DATA EXTRACT =
* * * * *
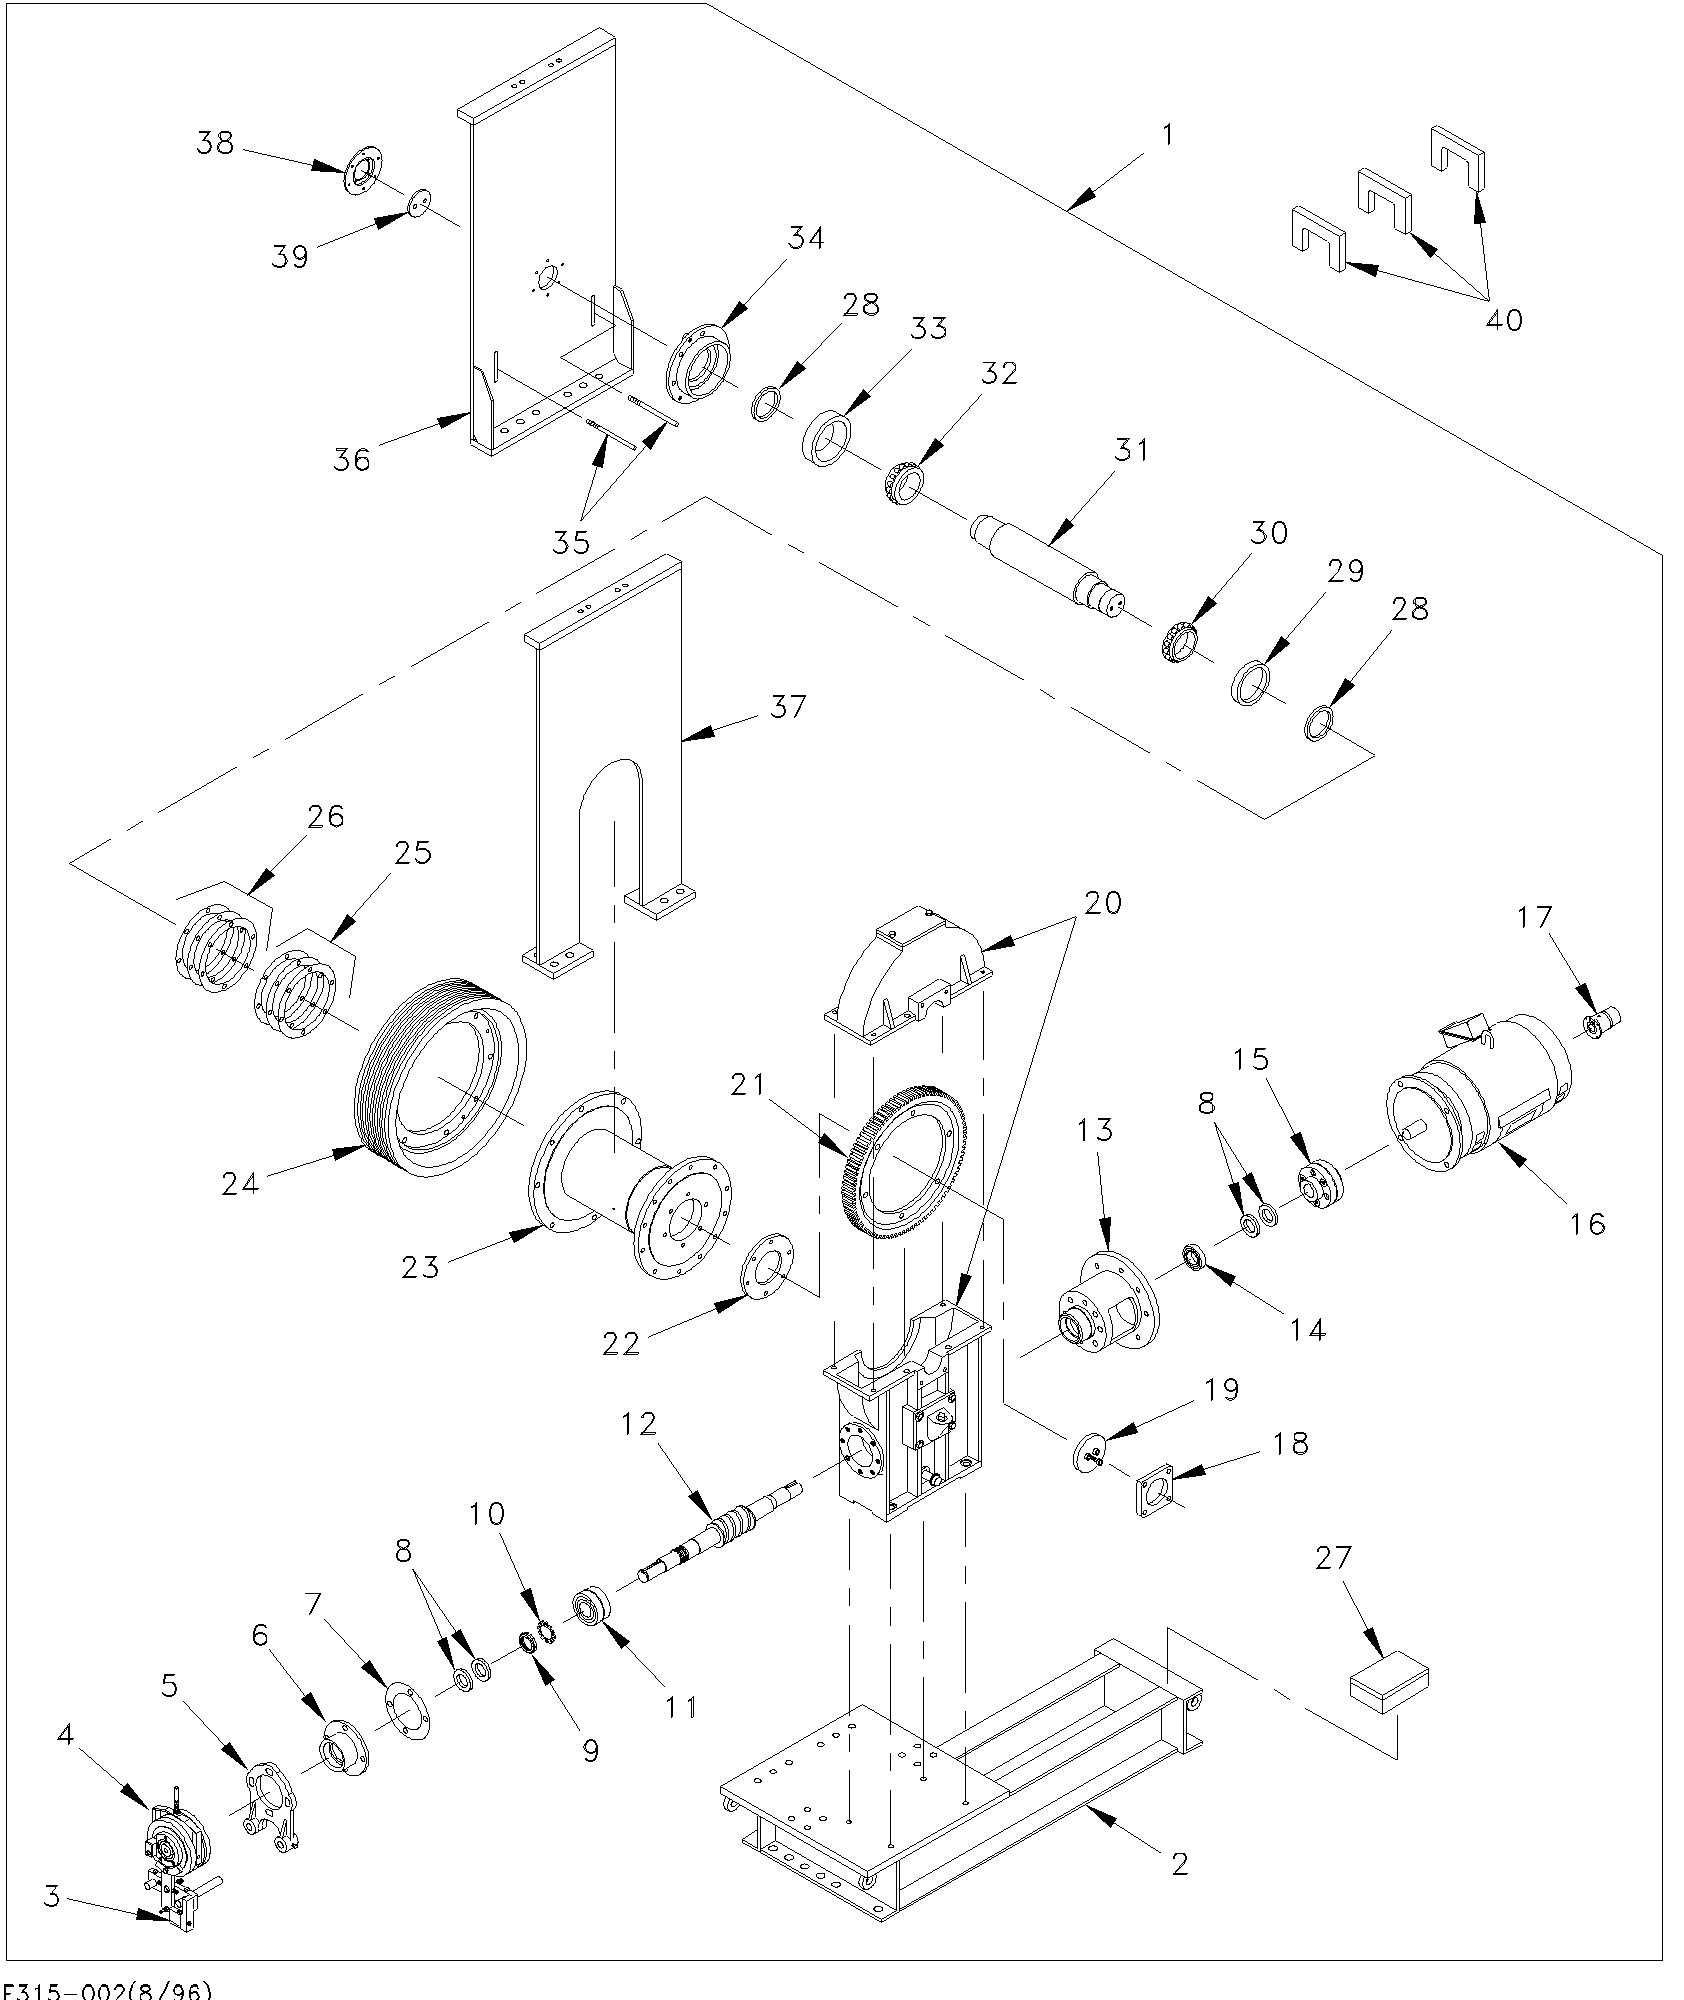 Disc Brake assembly Diagram assembly Details Of Disc Brake assembly Diagram
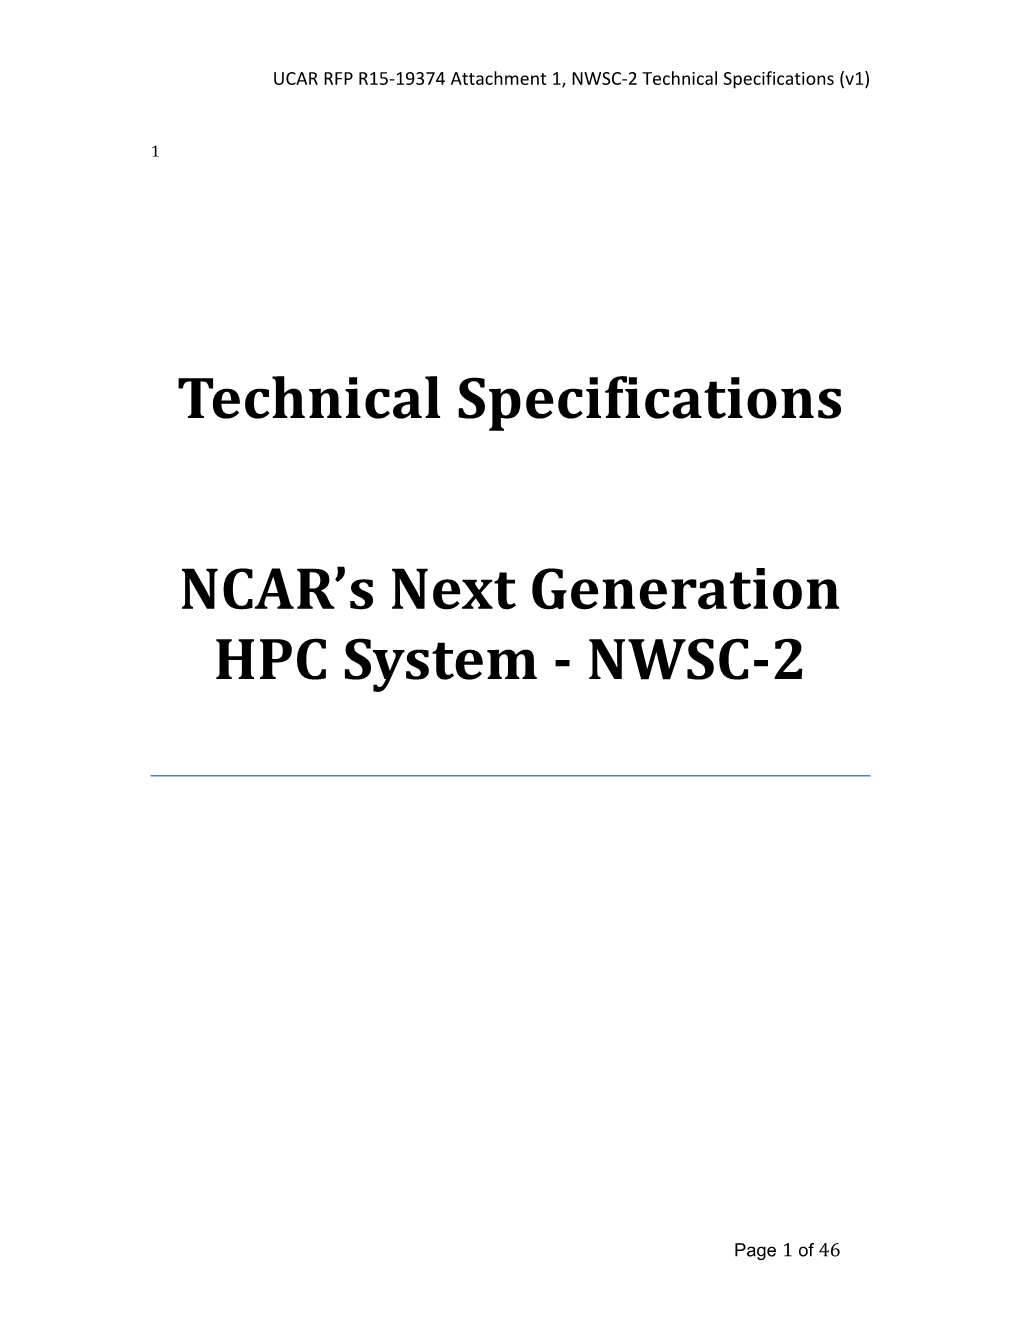 NWSC-2 RFP Tech Specs
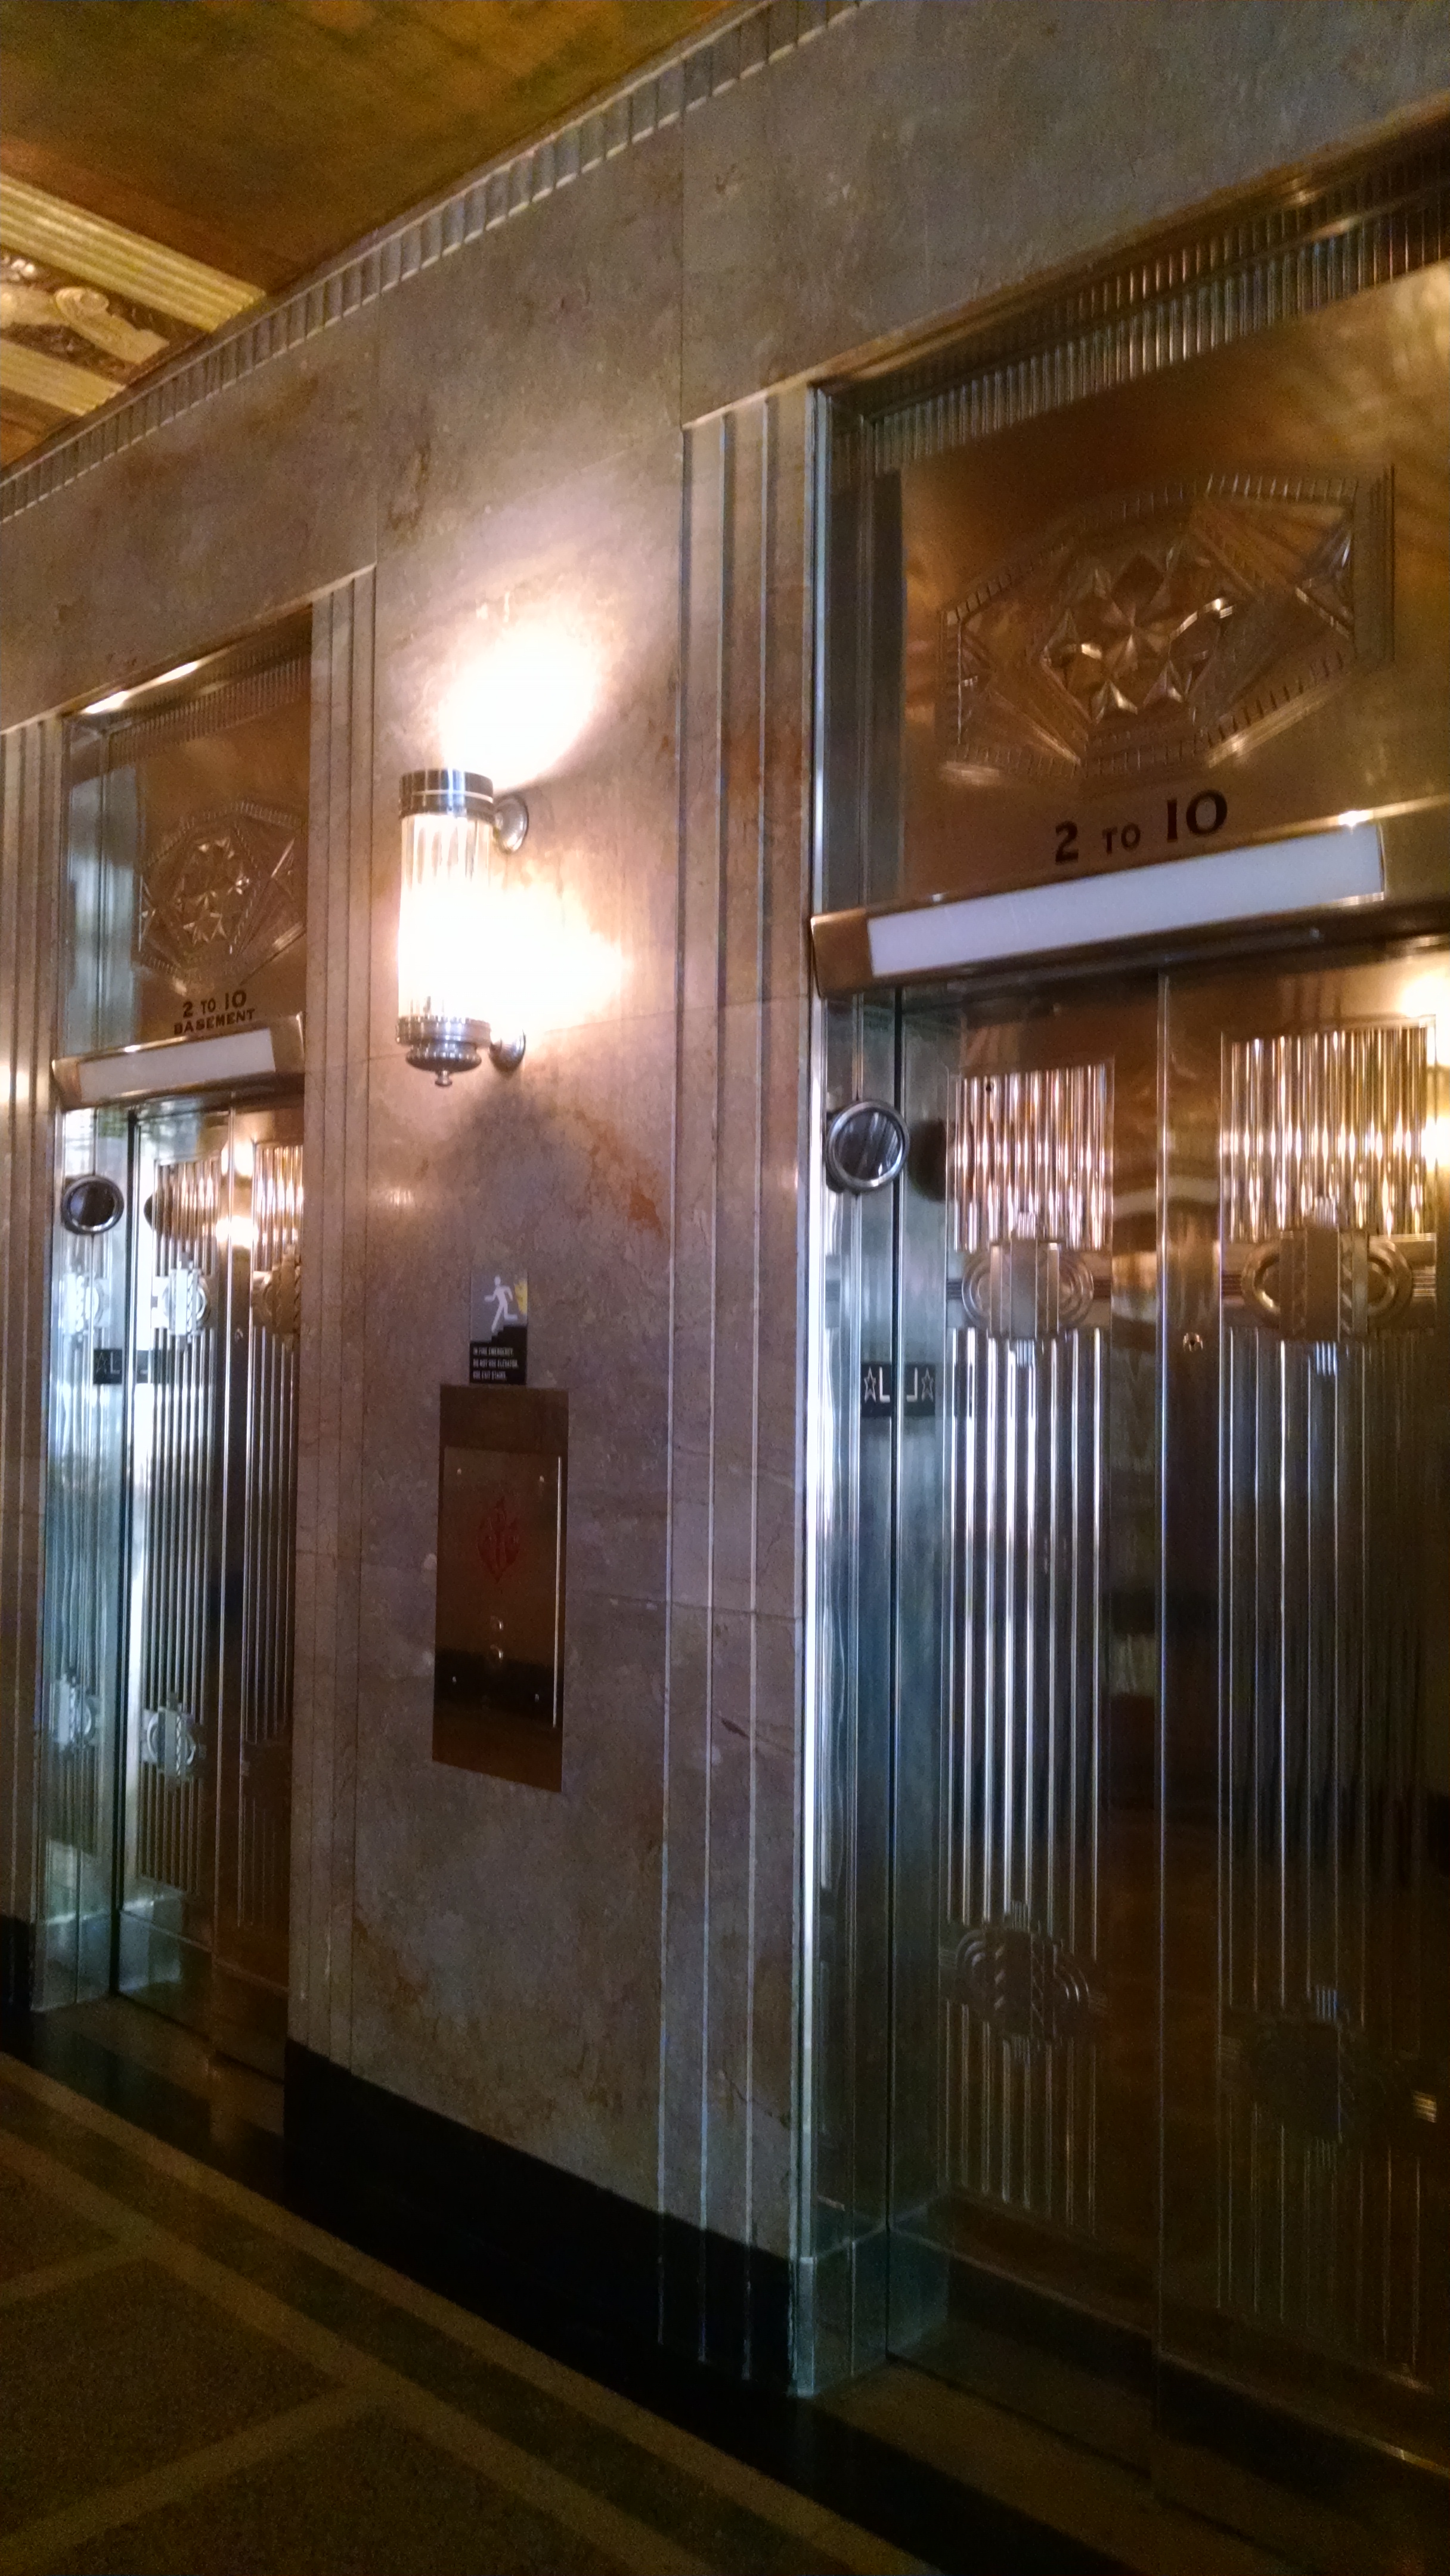 The Kimpton Cardinal Hotel elevator lobby
* * * * *
WHAT THE TASK ASKS = I'd like the data above duplicated exactly, with no pictures included.

RESPONSE TO THIS EXERCISE =
 Disc Brake assembly Diagram assembly Details Of Disc Brake assembly Diagram
 NWSC-2 RFP Tech Specs
 The Kimpton Cardinal Hotel elevator lobby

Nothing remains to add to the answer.